Let's step back for a moment and think about what the standard deviation represents. Twenty-five measurements were made using the same experimental procedure, so this standard deviation is a method we can use to represent the variability in our measurements. In the language we are using in this course, this standard deviation is the single-measurement standard uncertainty of the distance, $u(d_1)$. What does this mean? It means that if we wanted to report the value and uncertainty for one of our measurements of $d$, 434.7 mm for example, we would report it as:

$ d_1 = (434.7 \pm 3.8)$ mm,


The subscript '1' is being used here to emphasize that we are talking about a single measurement and not the average. We will look at the uncertainty in the average later.

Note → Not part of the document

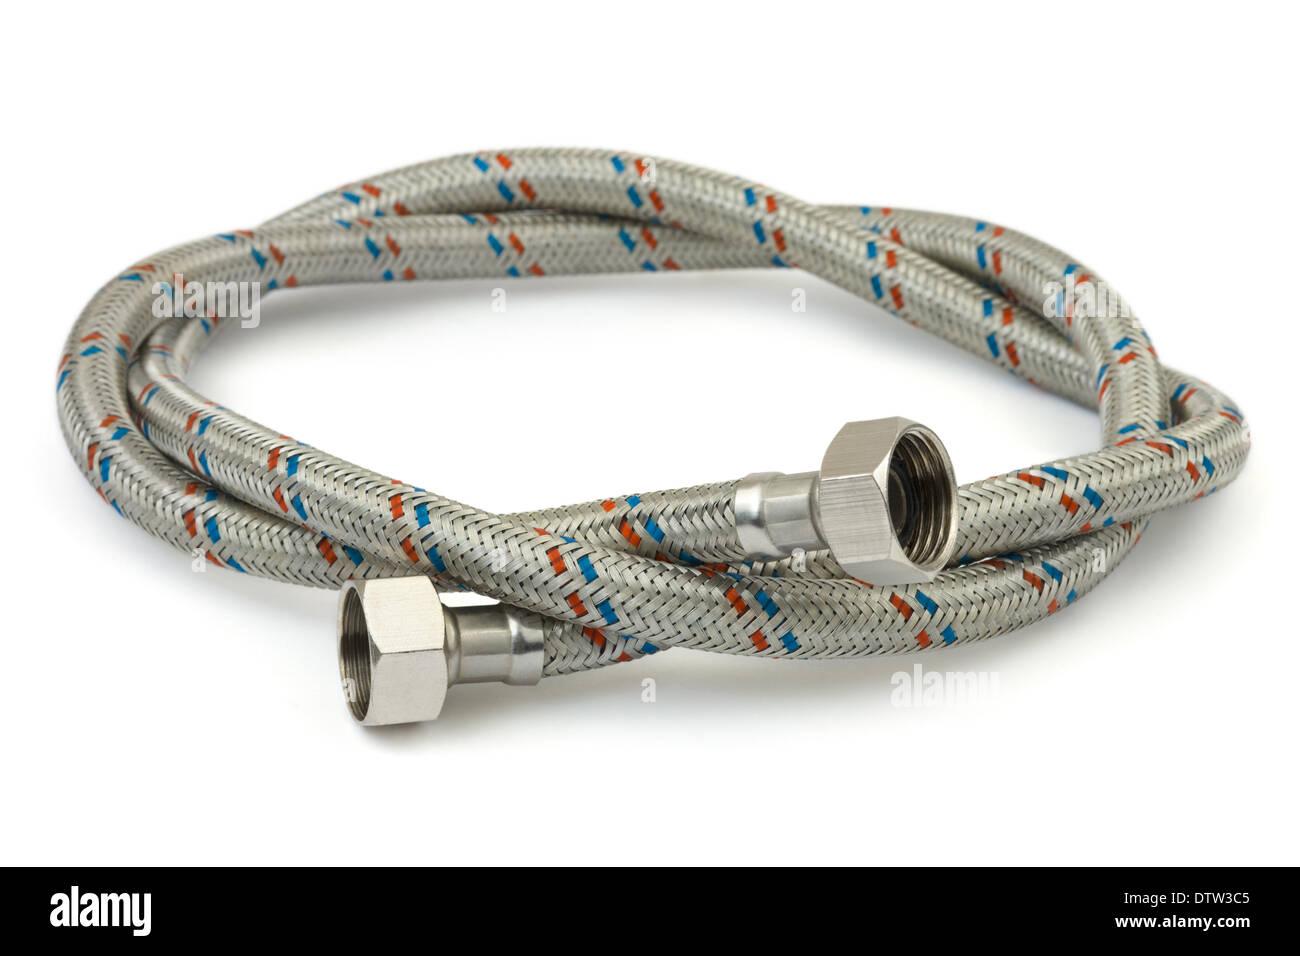 Water hose - Stock Image

The variability (the standard deviation) in the 25 measurements that we made describes how confident we should be in any one of the individual values. Instead of estimating our uncertainty from a single measurement as we did with the height of the spring in the first two labs, **the use of repeated measurements can allow us to measure the variability in our measurements directly**.

## Calculating average and standard deviation the "long way" using Python

<span style="color:#D22B2B">*In Lab 03, you should perform your calculations the "short way", but we want you to learn how to do it the "long way" as part of the prelab for the following reasons:*</span>

1. Many of the calculations we perform later in this course will not correspond to built-in functions, so it is useful to learn how to do more complicated calculations.
2. Breaking down complicated calculations into a several lines of code---as we do in these "long way" calculations---is the strategy that we will be encouraging you to use for most of your coding work going forward in this course.
3. It is often easier to find problems or errors in your calculations if you can look at intermediate values.
4. We will also be giving you a few generally useful tips and skills during this process.


### Calculating an average the "long way"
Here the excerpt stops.